The code is mostly found in the while loop, which runs until the value of `do_loop` is set to false, which only happens when the program reaches the EOF or the BUILTIN command exit is given. `inputLine` is the line that the user enters the shell. We declare `tokenList` to store all of the tokens that are picked up from the input.
`readInputLine()` reads the entire input line. We modified this function so that it returns NULL on EOF. Before we start, `inputLine` is quickly checked to see whether or not its NULL. If it is not, the function `getTokenList()` is run to extract all the tokens from the input and place them into `tokenList`.
Since the `tokenList` will be edited, we create two copies of the list, `cpy` and `og`. Before looking through any tokens, the `parseInputList()` function is utilised to check the validity of `tokenList`. It is also checked whether or not the list is NULL. If these are both valid, we can begin executing the line, else we print an invalid syntax error message.
The execution is done within a while loop that runs until the `cpy` list is entirely consumed and is NULL. Within this while loop, we implemented a switch case which, at this level, should only accept the following enum types:
- EXECUTABLE
- COMPOSITION
- BUILTIN
If the code encounters any other types at this level, it means that the syntax of the input is incorrect.

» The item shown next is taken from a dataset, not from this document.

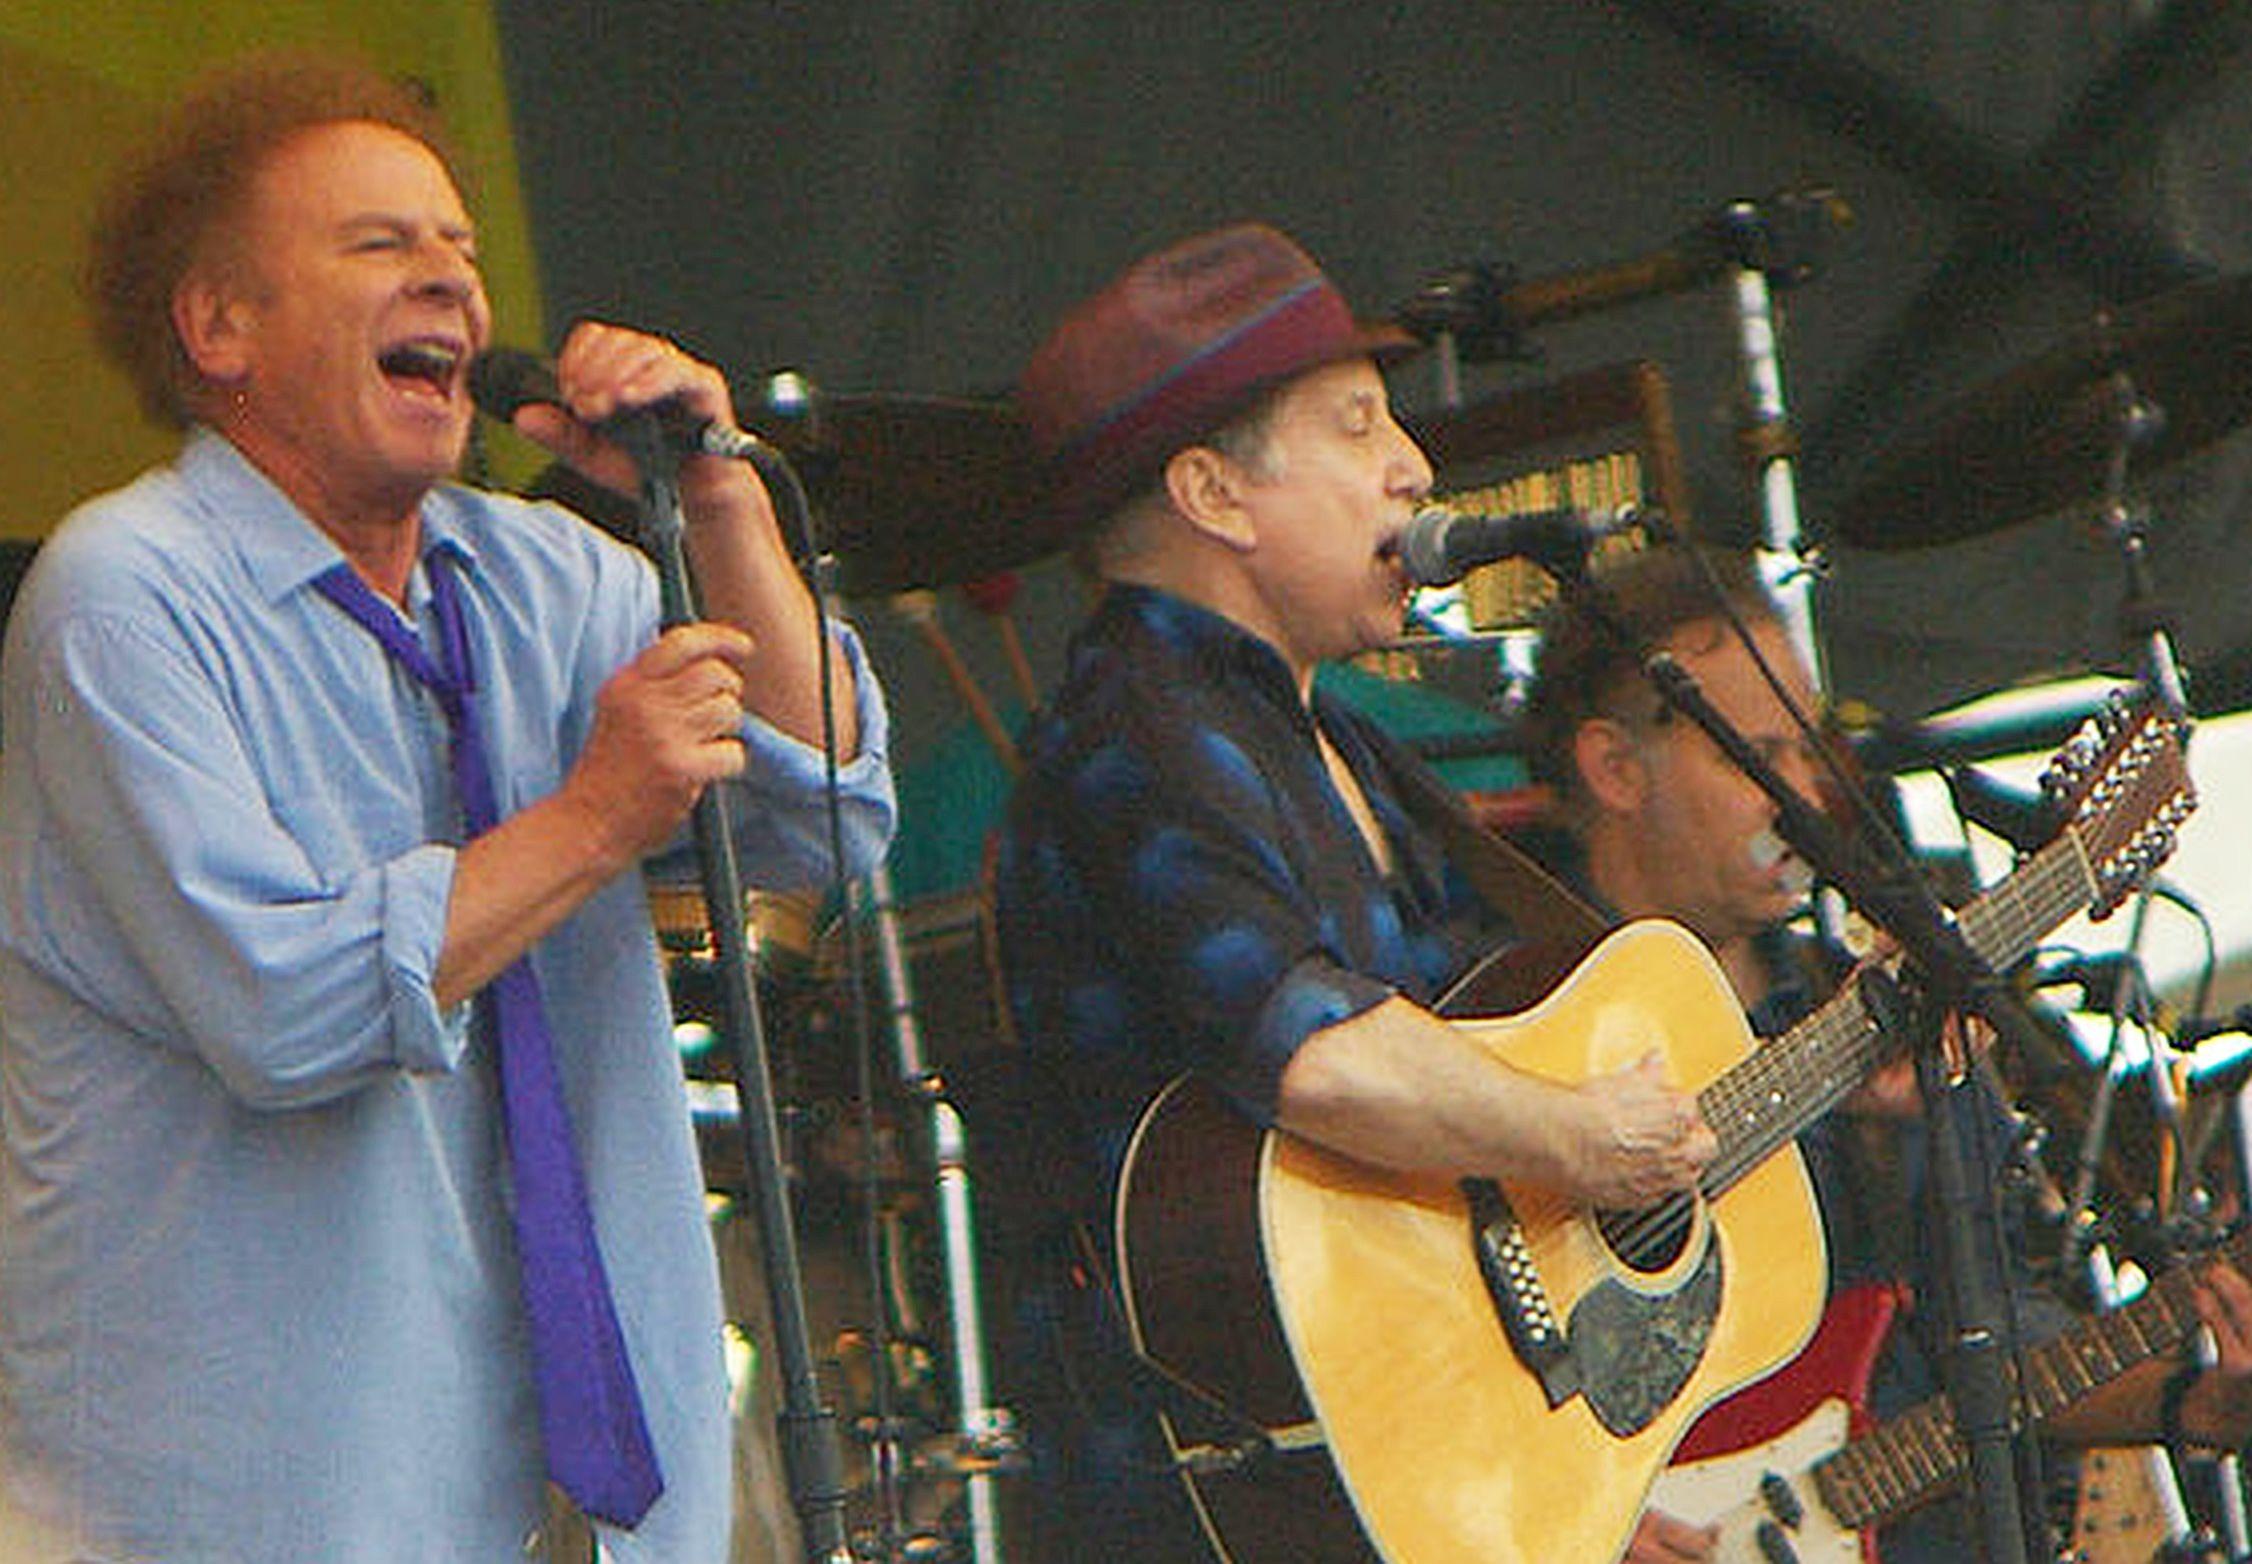 Simon And Garfunkel Tribute Band Tour

If this happens, an error message is printed out and `cpy` is set to NULL in order to exit the loop.
In the end, we use `free()` and `freeTokenList()` to free the memory.
# bonuses
We have enhanced the functionality of our shell by implementing a few bonuses. These are described in this section.
## cd builtin
Any self-respecting shell needs a way to change the current working directory. Luckily for the end-user, we have implemented exactly that!
Use the builtin `cd` to move around the system. We even added support for moving to the `$HOME` directory - accomplished by witholding any command options (just `cd` will get you home).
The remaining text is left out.